Only a small portion of those 86 pages has any relevance to the issues raised by the City’s assignments of error.2 In no case did the City follow the mandate of Rule 5:1, § 6(e), that only those portions of pleadings to which the assignments - of error relate shall be printed. Other examples of irrelevant material designated for printing by the City are: motions, orders, petitions, letters and a commissioners’ report relating to the question whether the requisite number, of qualified voters had signed the annexation petition (including letters from three commissioners tabulating the time they had spent in determining the number of qualified voters who had signed the annexation petition), and memoranda of authorities presented to the trial court in support of and in opposition to a motion to dismiss.

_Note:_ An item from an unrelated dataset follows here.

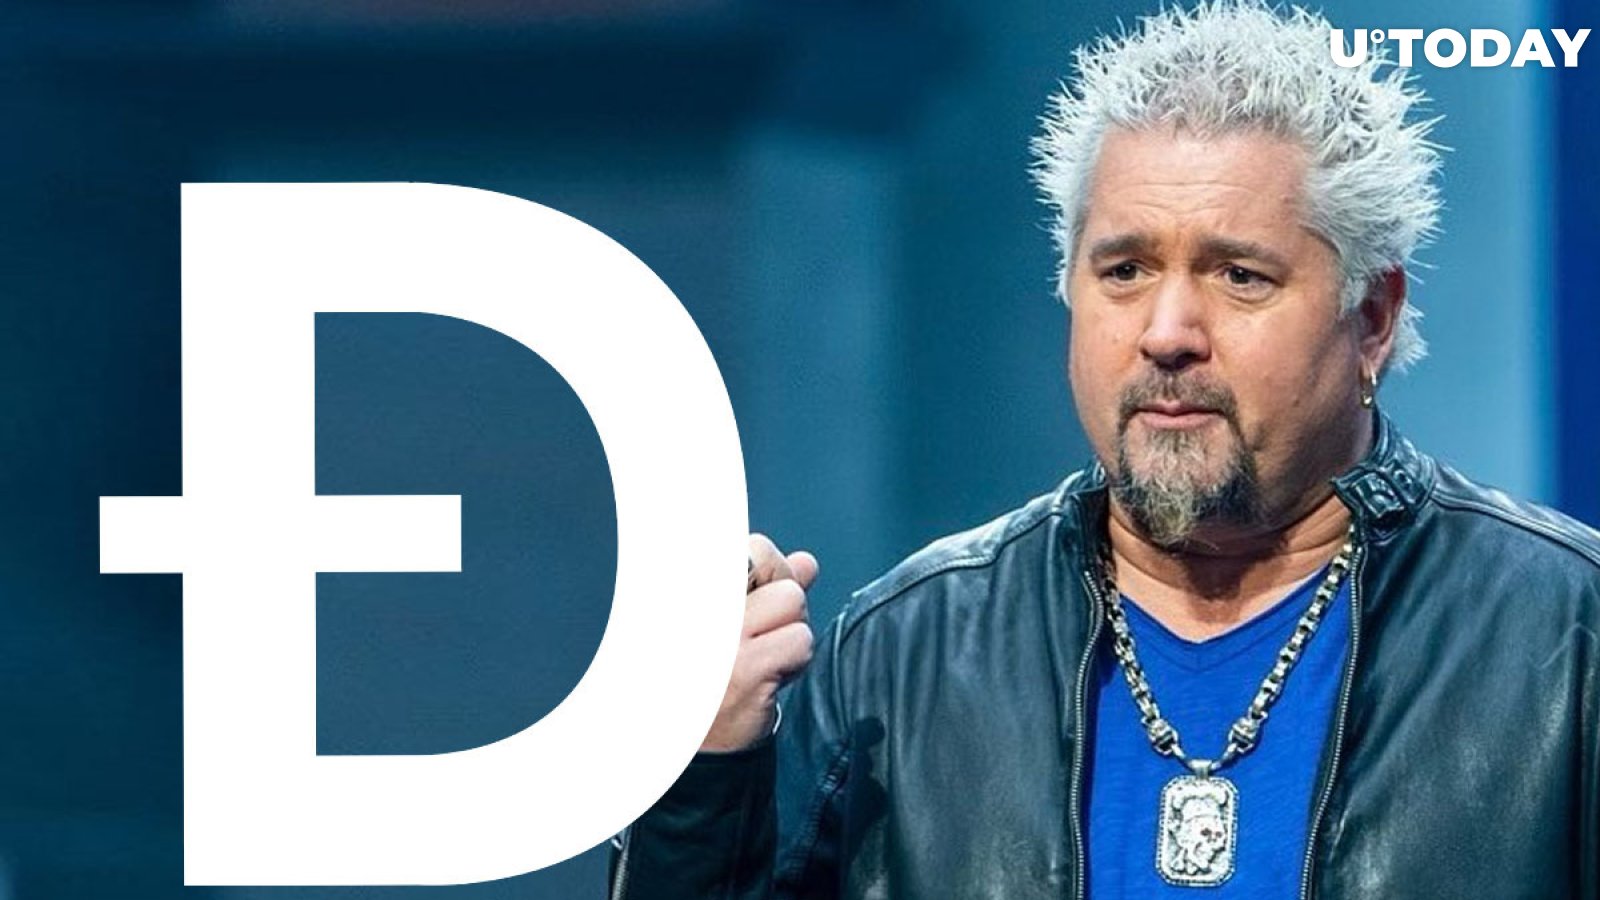 Dogecoin's Daily Trading Volume Surpasses $4.5 Billion as Guy Fieri Joins List of Supporters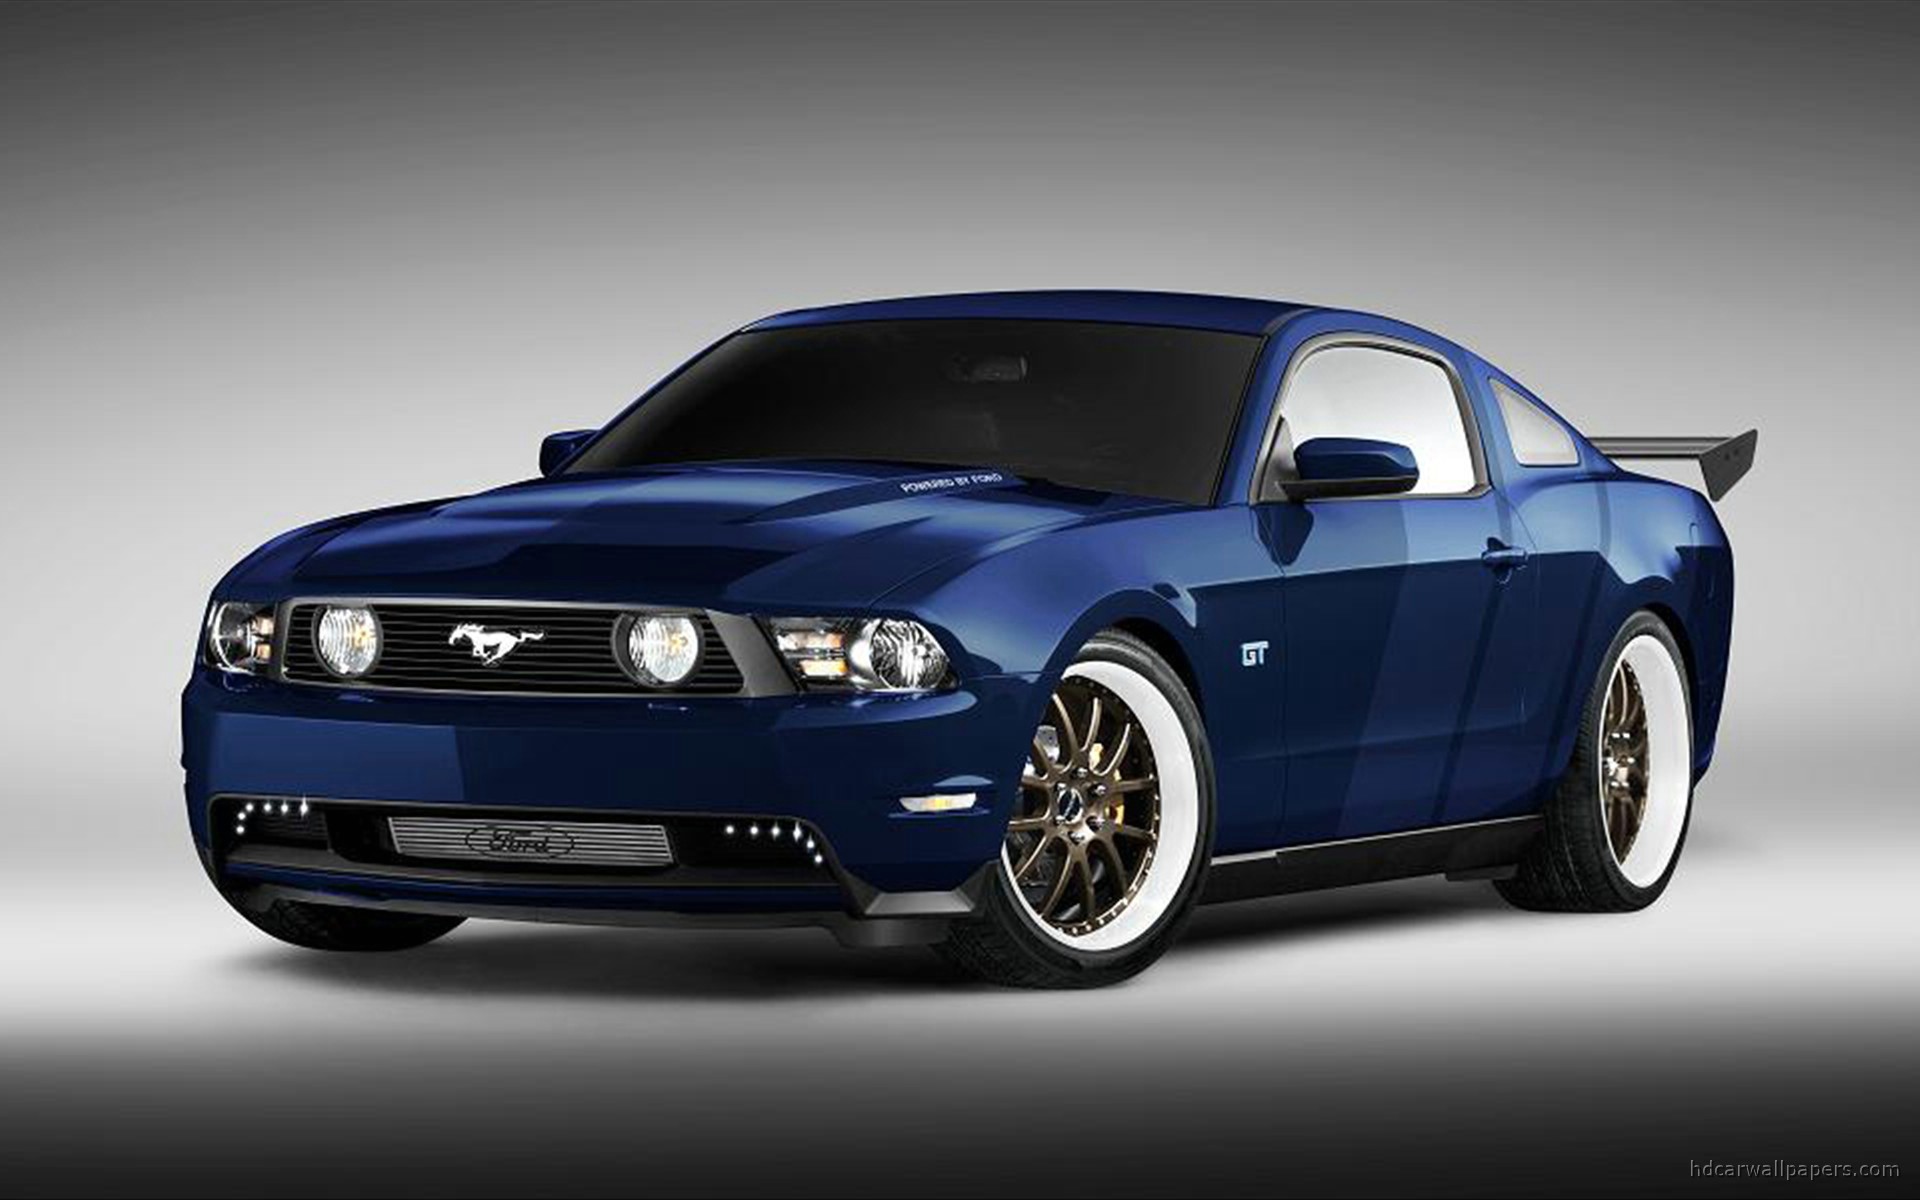 Ford Mustang Wallpaper 5719 Hd Wallpapers in Cars   Imagescicom

Because the City did not comply with Rule 5:1, § 6(e), our order will require the appellees to reimburse the City for only part of the cost of printing the record.

Reversed and remanded.

The 3.91 square mile area lies between the east corporate limits of Salem and the west corporate limits of Roanoke City, and extends from Interstate Route 81 on the north to the Roanoke River on the south. The 2.33 square mile area comprises a strip north of the Roanoke River, which is included in the 3.91 square mile area, and a larger strip south of the Roanoke River.

In addition to the issue that we have disposed of, the assignments of error raised the issues whether the court should have sustained the City’s motion to dismiss the proceeding because it was brought against the Town of Salem and Salem was in fact a city, whether the court erred in ruling that annexation was necessary and expedient, and whether the court erred in excluding evidence offered by the City.